Taprisiots appear to be stubby chunks of wood, almost like logs with their branches broken off. Their value to other sentients is that they can communicate directly with each other telepathically, and can create telepathic communications channels between other sentients with their mediation. They sell their services as communications channels, and have become indispensable to the workings of the pan-sentiency.
Among other users, agents of the Bureau of Sabotage are sent out on especially dangerous missions with 'Taprisiot monitors': a Taprisiot maintains a telepathic link to the agent, and at the moment of the agent's death, the entire circumstance and contents of the agent's conscious mind can be made available for study.
It's speculated that Taprisiots are, in some sense, immature cousins of Calebans, who have far greater access to the realm that the Taprisiots use for telepathy. Caleban interaction with sentients is through contracts to provide jump-doors and other, more specific, services.

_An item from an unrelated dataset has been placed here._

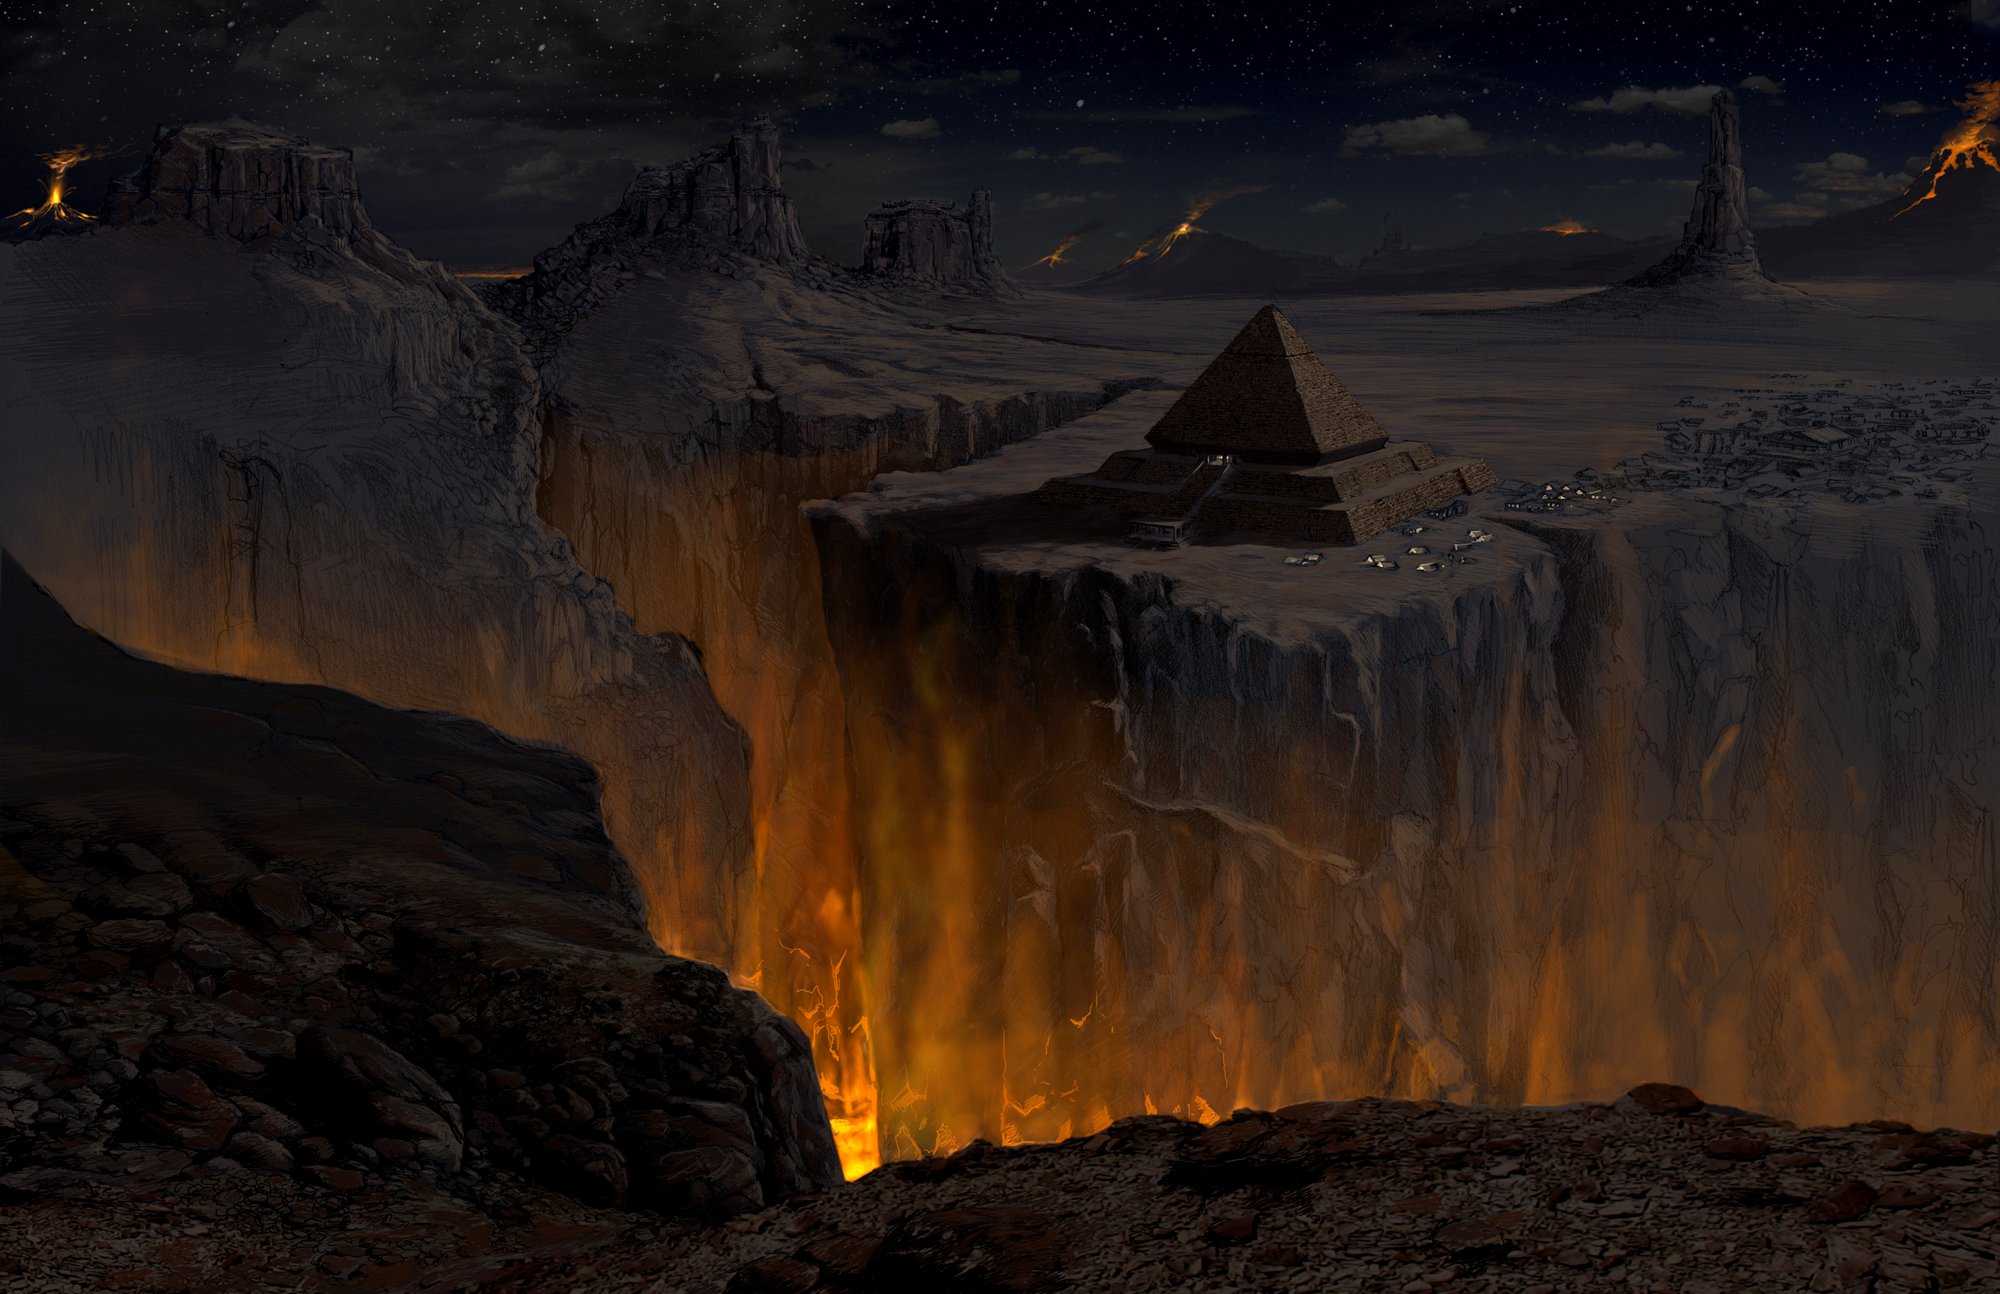 VFX matte of crumbling alien planet with Pyramid.
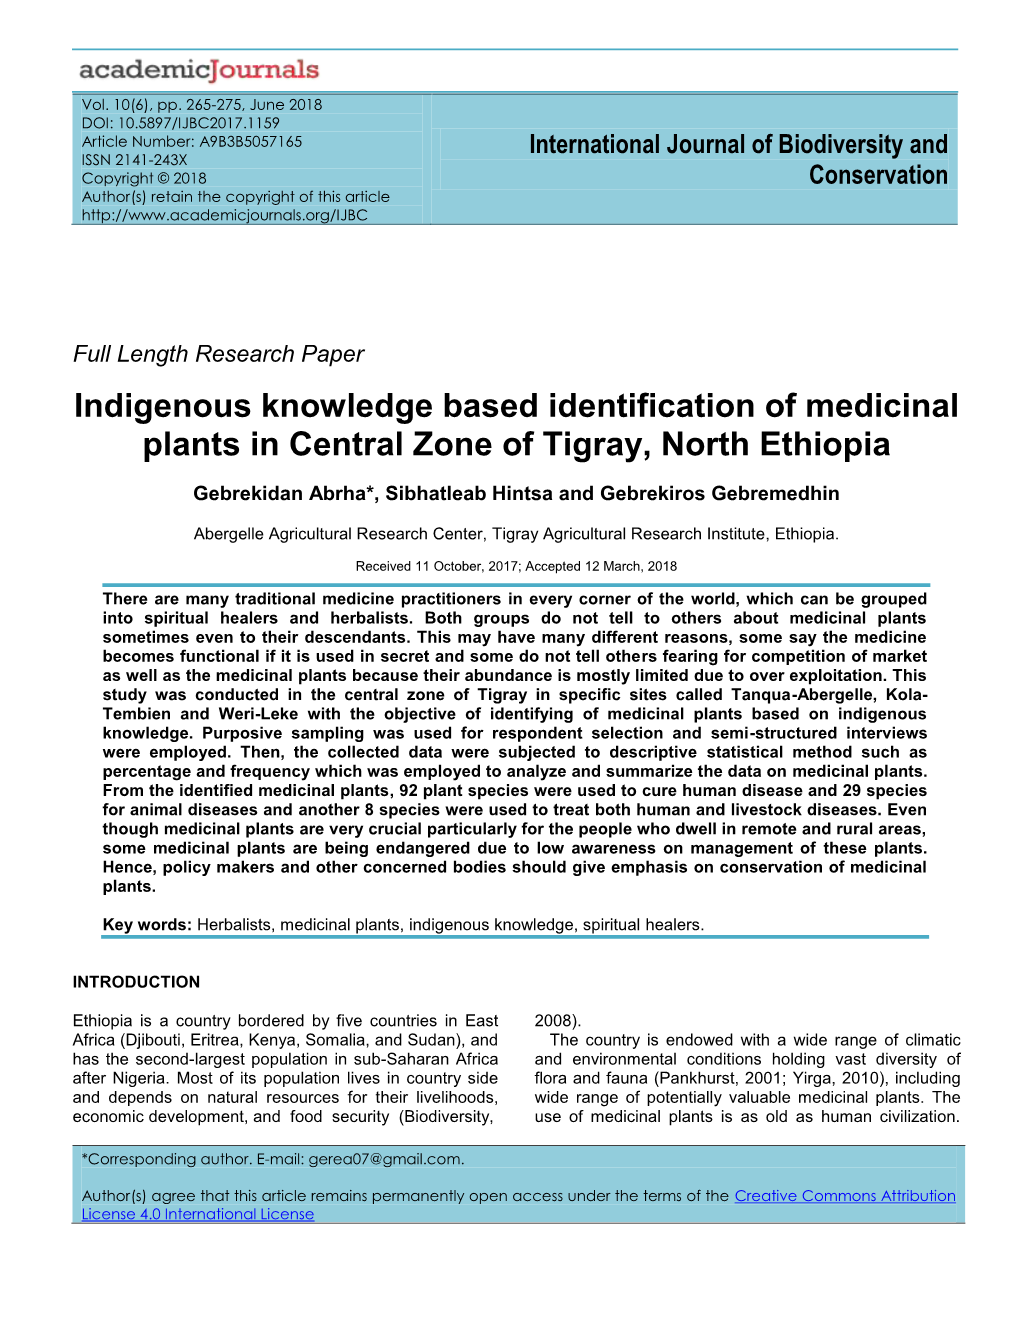 Indigenous Knowledge Based Identification of Medicinal Plants in Central Zone of Tigray, North Ethiopia

The theme of a species providing a uniquely valuable service to other species is an echo of the economic arrangement between planets in Gordon R. Dickson's Childe Cycle series of novels. In those novels, humanity has psychologically splintered into distinct cultures that are co-extensive with their planets: the inhabitants of the planet Dorsai, for example, are the foremost warriors in the universe, and sell their services as mercenaries; Cetans and Newtonians are science worlds, contracting their citizens out to other worlds as scientists, technologists, and engineers. Lacking a suitable currency across the different worlds, the market for skilled contract workers is the essential unit of barter between planets and cultures.